The principle of PTP is to conduct timestamp interaction between the master and slave clocks based on a ping-pong mechanism, and the slave clock calculates the time deviation between the slave and master clocks according to the obtained timestamps [8]. However, PTP can accurately measure the time deviation between the slave and master clocks only based on the assumption that the forth and back path delays of the packet are symmetrical. However, in actual networks, this assumption is often not satisfied, which greatly limits the application of this protocol. In data center networks, most of the existing equipment does not support PTP; PTP packets are transmitted together with service packets in the network [9,10]. During peak business hours, network congestion may occur, which could cause asymmetric path delays for PTP packets and even route switching [11]. To enhance the availability of PTP in an Ethernet network, PTP has undergone continuous evolution, including the addition of boundary clock (BC)/transparent clock (TC) function and synchronous Ethernet (SyncE) to the protocol [12], among other changes. The BC function can realize asymmetric delay compensation per hop through network management, and the TC function can record the residence time of the packet in the network equipment it passes through. These two functions are part of PTP, so it is ineffective for network equipment that does not support PTP. The SyncE function makes the frequency deviation between the slave and master clocks closer, but time and frequency are independent, so it does not solve the problem of the asymmetric path delay caused by network congestion either.

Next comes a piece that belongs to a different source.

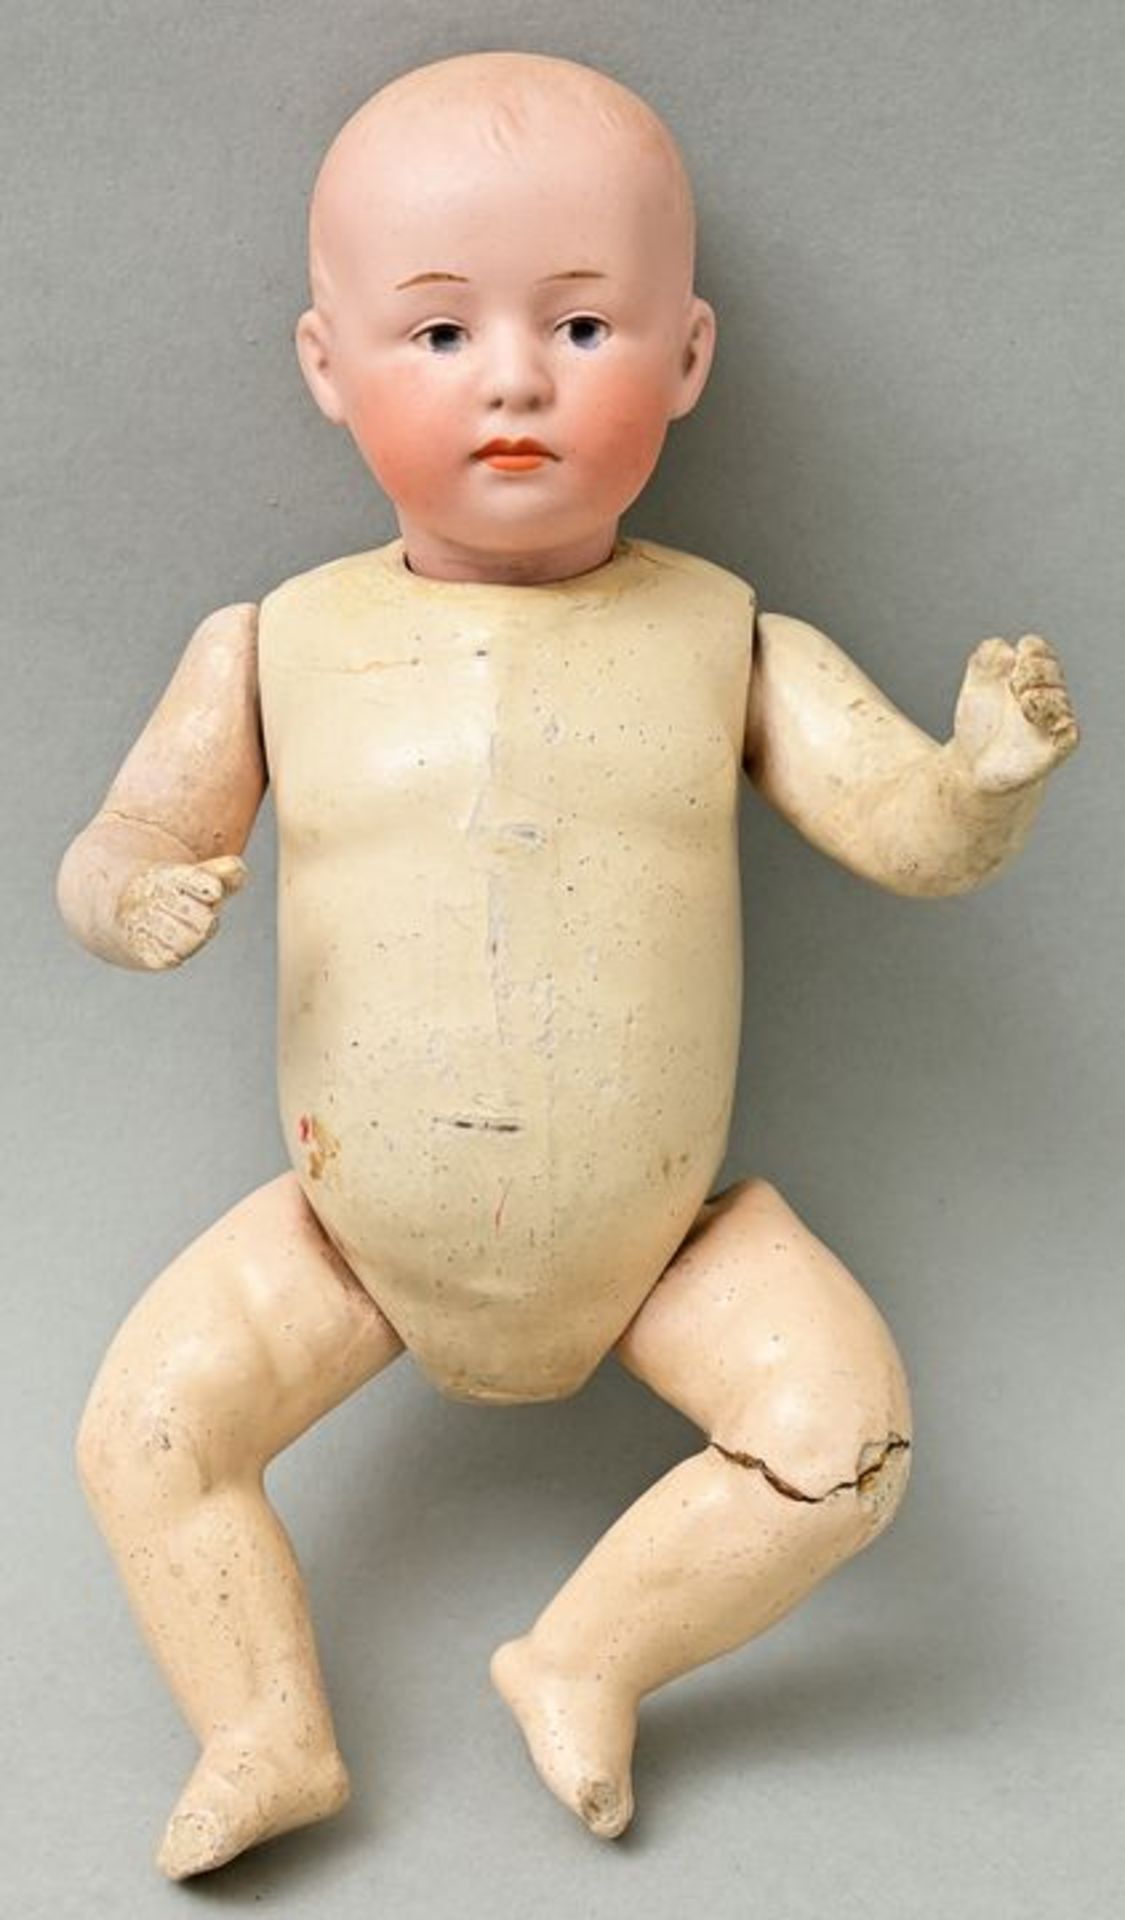 Babypüppchen/ baby doll

There are many existing methods for solving the problem of asymmetric path delay, which can be divided into filtering methods, the per-hop delay compensation method [13,14], and the optical switching method [15]. The filtering methods are further classified into the delay ratio method [16], the minimum queuing forwarding delay estimation algorithm [17], the Kalman filtering method [18,19,20,21], and the weighted moving average filter method [22].

The main idea of the delay ratio filtering method is to calculate the ratio of the forth and back path delays of the PTP packets. Packets with delay ratios within [0.97, 1.03] are selected as valid packets. This method assumes that the mean value of the delay ratio is 1; that is, the expected values of forth and back path delays are equal. However, in the actual network, the expected values are not very likely to be equal. Therefore, this method does not solve the problem of asymmetric path delays of PTP packets.

The minimum queuing forwarding delay estimation method compares whether the received Sync packet time interval and the Delay_Req packet time interval are the same as the set time intervals. If they are the same, it is assumed that the related Sync and Delay_Req packets are not affected by network congestion. However, if all the packet sequences are subject to the same delay, then the packet intervals will also be the same as the set intervals. At this time, the delay of the packets has an absolute deviation, which will affect the PTP synchronization accuracy.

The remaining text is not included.